Why have I told you all this? If even one person learns from my negative experience, changes his or her habits, and is spared a heart attack or other serious illness, I'll be pleased. Anyone who thinks that pushing the limits of human endurance is necessary to a company's success should think again. My heart attacks merely made everyone worry, from family to friends to employees to Wall Street. Work hard by all means, but don't run up a huge tab of stress and worry. Sooner or later, you will pay for it, and so will everyone around you.

Linguistic Survey of Part 8:

1. Translate into English (see the text, if need be):

по приглашению кого-либо, в тот момент, в пользу кого-либо, сразу за углом, по поручению кого-либо (= во благо кого-либо, от имени кого-либо), реакция на что-либо, в больших масштабах, посвятить что-либо кому-либо, справиться с чем-либо, в конце всего, развилка на дороге, чутьё на цифры, основываться на чем-либо, в то время (= в тот период), обговорить что-либо, на этом этапе (= стадии), в той точке развития, приходить на ум, среди всего прочего, быть осторожным в отношении чего-либо.

2. Make up sentences using gerund after:

to hate, to accuse sb of, to be impatient about, the fear of, to be comfortable about.
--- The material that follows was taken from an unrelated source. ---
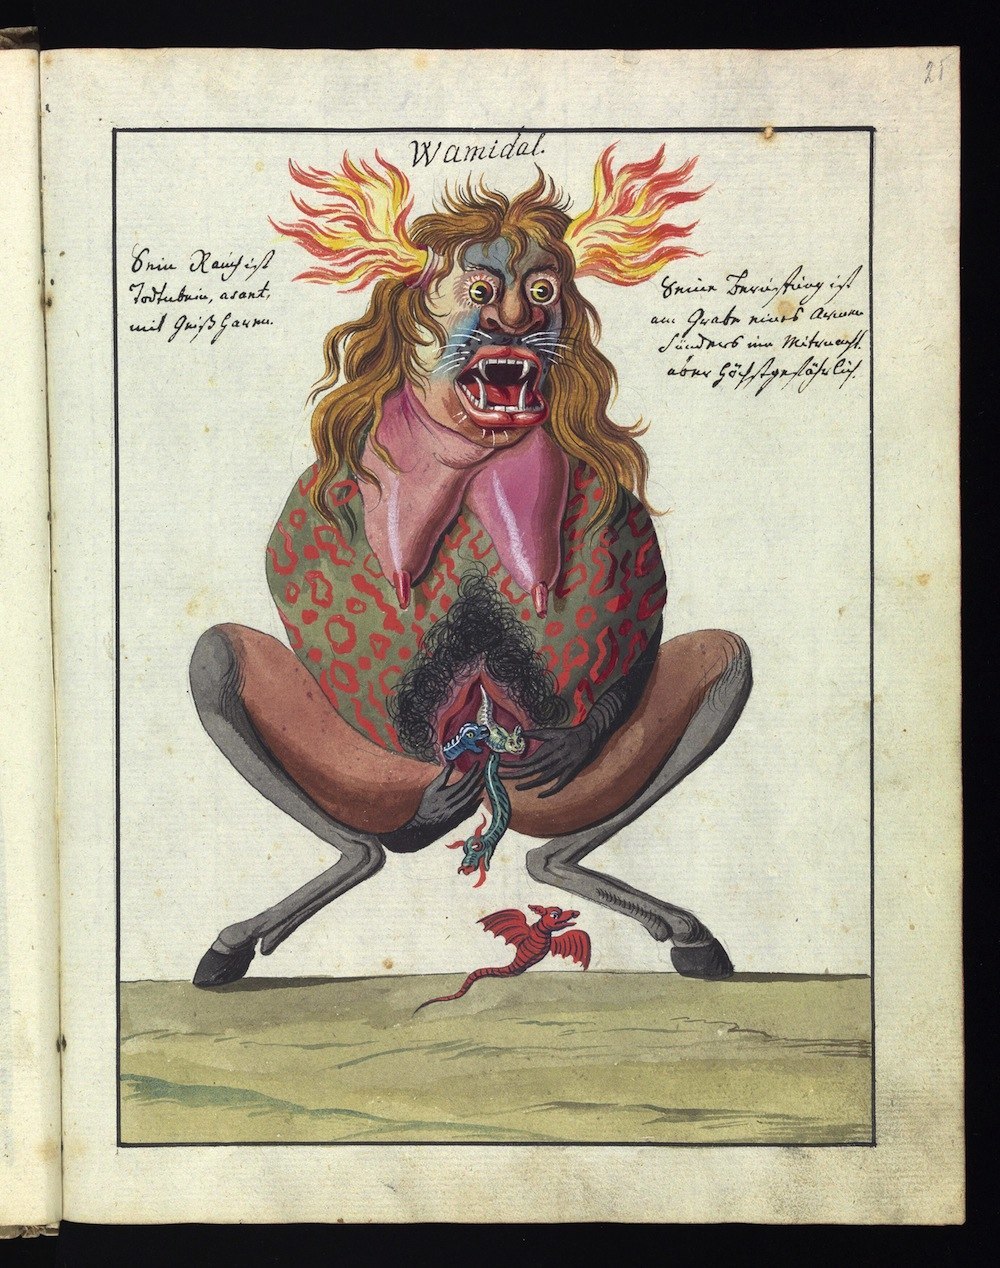 compendium rarissimum totius Artis Magicae sistematisatae per celeberrimos Artis hujus Magistros, a book of "Satanic" illustrations from the 18th century

3. Explain the phrases (see the situations in the text):

a showcase property; the work flow;

a vantage point; key markets;

to analyse sth to death;

to study sth to a fare-thee-well;

a market appeal; to tread water;

to be tight-lipped about sth;

to make peace with sth; to do short shrift;

to be better at delegation.

4. Words which you may not find in a dictionary:

- a showplace hotel = a hotel nice to look at, a hotel to be proud of;

- to bankroll the acquisition = to provide the financial side of purchase through banks;

- a bet-the-ranch transaction = a highly risky deal, a financial operation of high risk;

- crime de la crime of theme parks = the best parks (French insertion; in English – the cream of society);

- to jump-start growth = to start sth vehemently, harshly as if from a ski-jump;

- a workaholic executive = a hard-working man (work + alcoholic);

- to do a double-take = to get two times more (mostly of money);

- to chomp at the bit = to take the bit between one’s teeth (= to get nervous, eager, impatient etc.)
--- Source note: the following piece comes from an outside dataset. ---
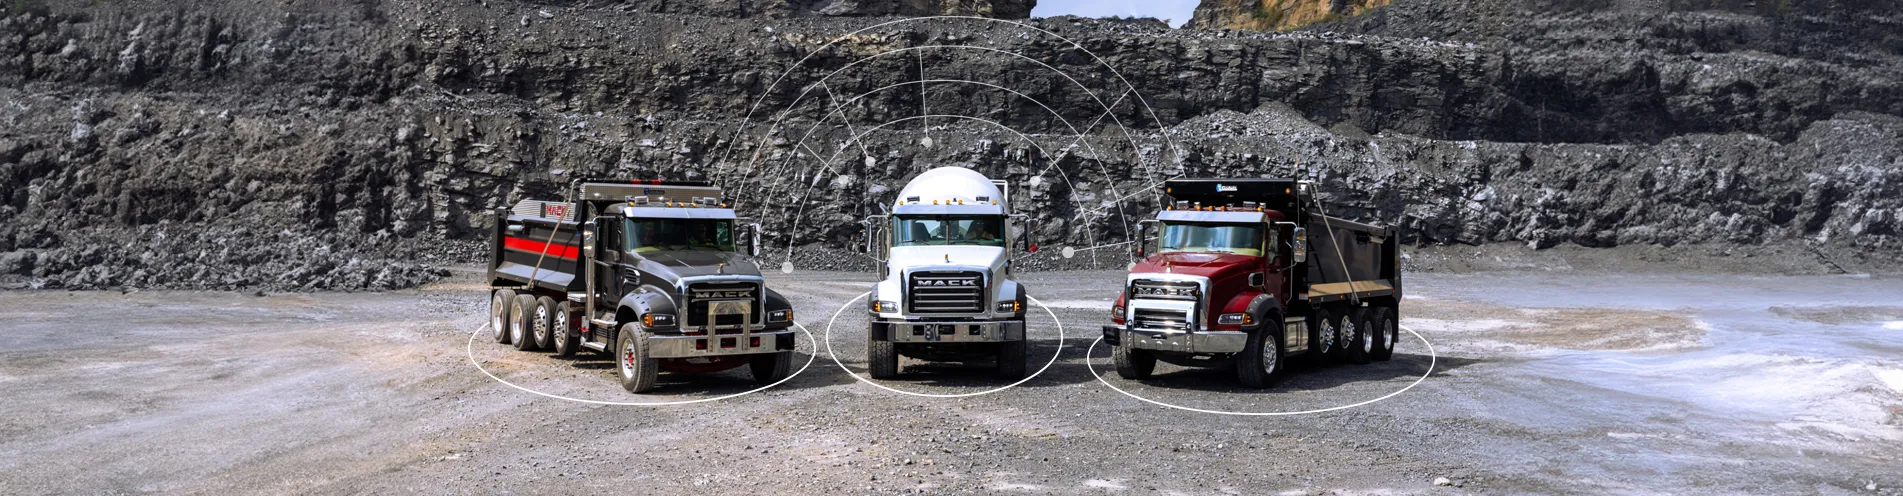 Camiones Mack Granite diseñados para construcción y minería.

5. Another contribution to your topical vocabulary:

to decline an offer; to run a business;

to make a decision (decision-making);

to put sth into effect; a firsthand experience;

to acquire a company; gambling;

lucrative; to keep the books;

to cut back on sth; night-shift associates;

to delegate (the presidency) to sb.

Tacks for Debate on Part 8:

1) Will you ever follow the four rules of Mr. Marriott for decision-making?

2) Marriott acquired Ritz-Carlton’s hotels. Why didn’t they acquire Disney? Why didn’t they get into gambling?

3) Should a CEO work himself up to a heart attack? Do they sometimes do this because they are irreplaceable?